Omurilikten başlayarak sinirin tutulduğu bir nöropati tipidir. En sık belden bacaklara giden sinirlerin tutulduğu diabetik amiyotrofi (diabetik lumbosakral pleksopati) görülür. Genellikle bacağın üst kısmı (uyluk) tek taraflı olarak tutulur. Şiddetli ağrı ve güçsüzlük yaratır.
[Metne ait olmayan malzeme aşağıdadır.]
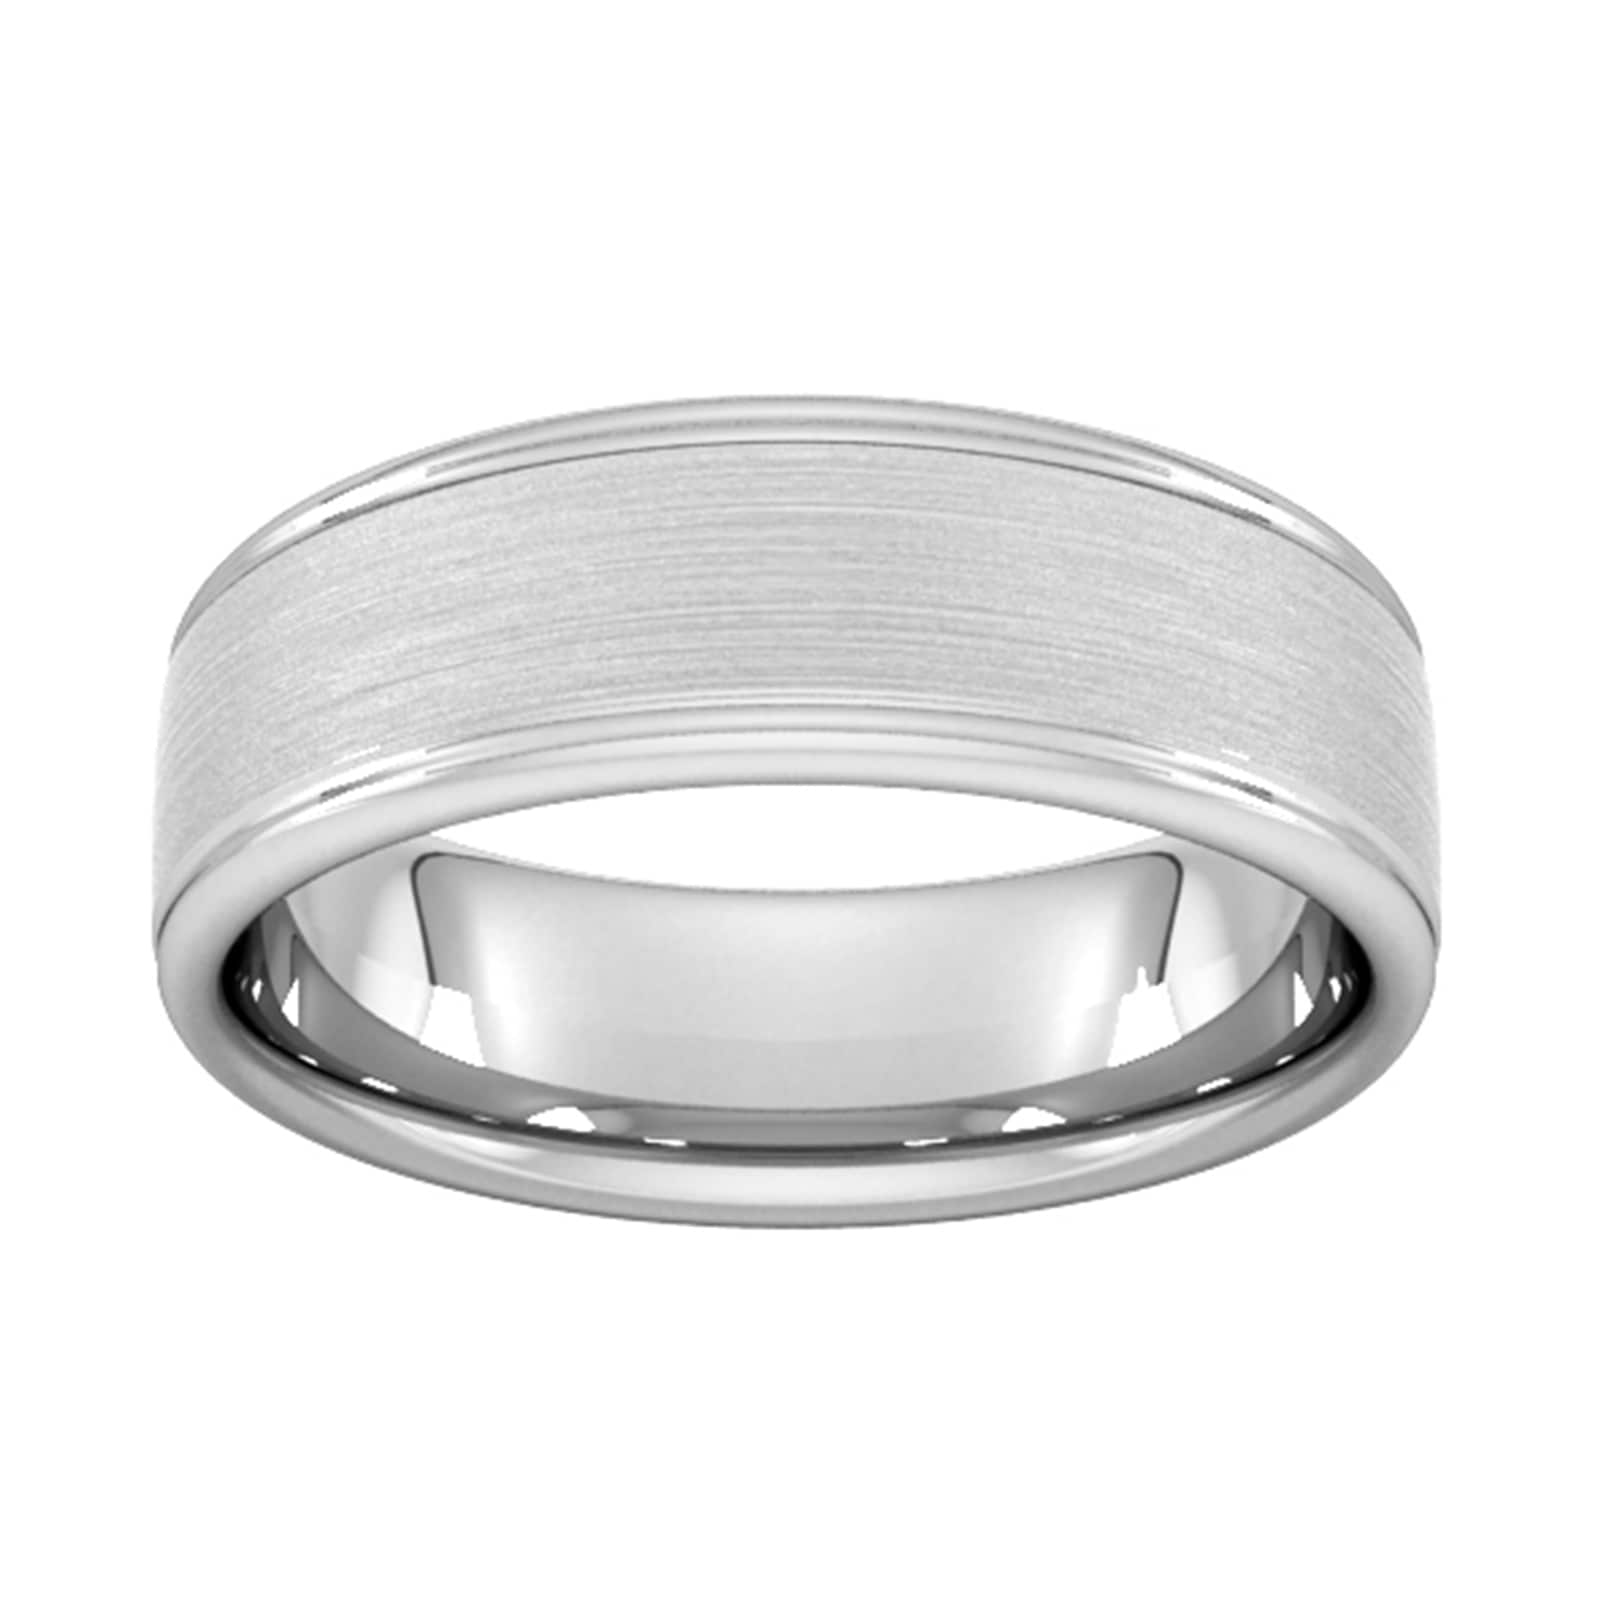 7mm Slight Court Heavy Matt Centre With Grooves Wedding Ring In 9 Carat White Gold - Ring Size X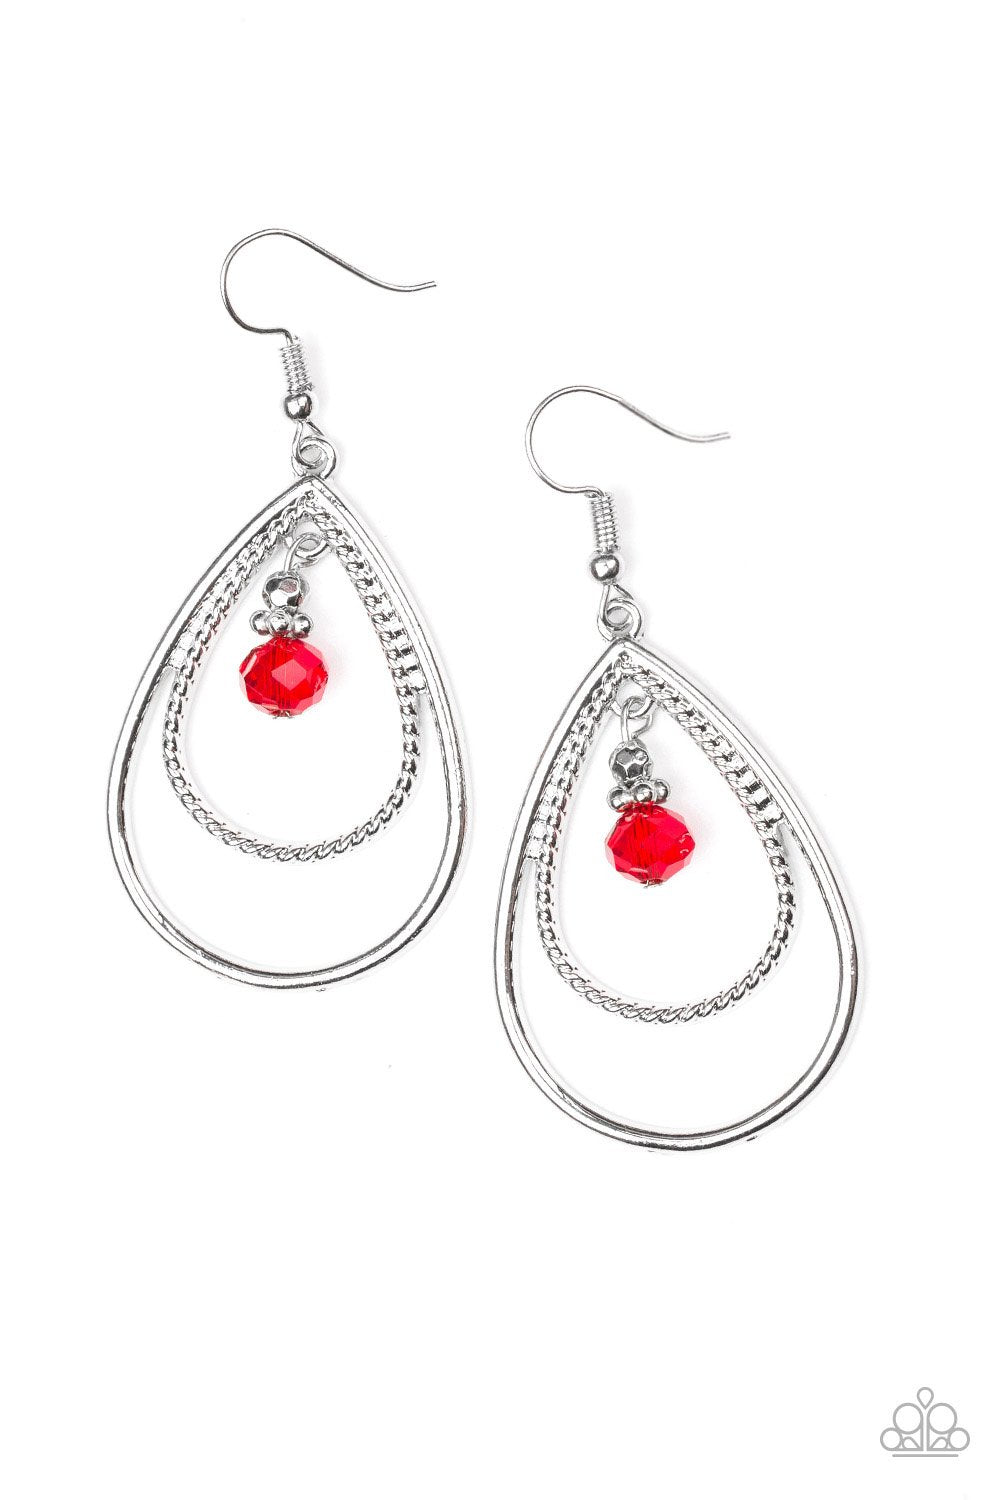 Paparazzi Reign On My Parade Red Fishhook Earrings

Beraberinde kilo kaybı mevcuttur. Çoğunlukla orta ve ileri yaştaki tip 2 diabeti olan hastalarda gözlenir.

Erken dönemde bağışıklık sistemini baskılayan ilaçlar (sıkı kan şekeri kontrolü yapılarak kortizon, IVIg vs) kullanılarak tedavi edilebilmektedir.

Diabetik Kraniyal Nöropati

Beyinden çıkan ve göze, buruna, kulağa, yüze giden sinirlere kraniyal sinir adı verilmektedir. Bu sinirlerin hasarlanmasına bağlı olarak diabetli hastalarda en sık çift görme ve yüz felci ortaya çıkabilir. Bu nöropatiler genellikle geçicidir.

Mononöropatiler

Diabetik hastalarda tek bir sinirde, özellikle basınca maruz kalan sinirlerde hasarla giden mononöropatiler gözlenebilir. Bunlardan en sık olanı ve en iyi bilineni elde uyuşma, his kaybı ve ağır olgularda güçszülükle giden karpal tünel sendromudur. Bu durumda ele giden median sinir bilek hizasında sıkışarak şikayetlere yol açar.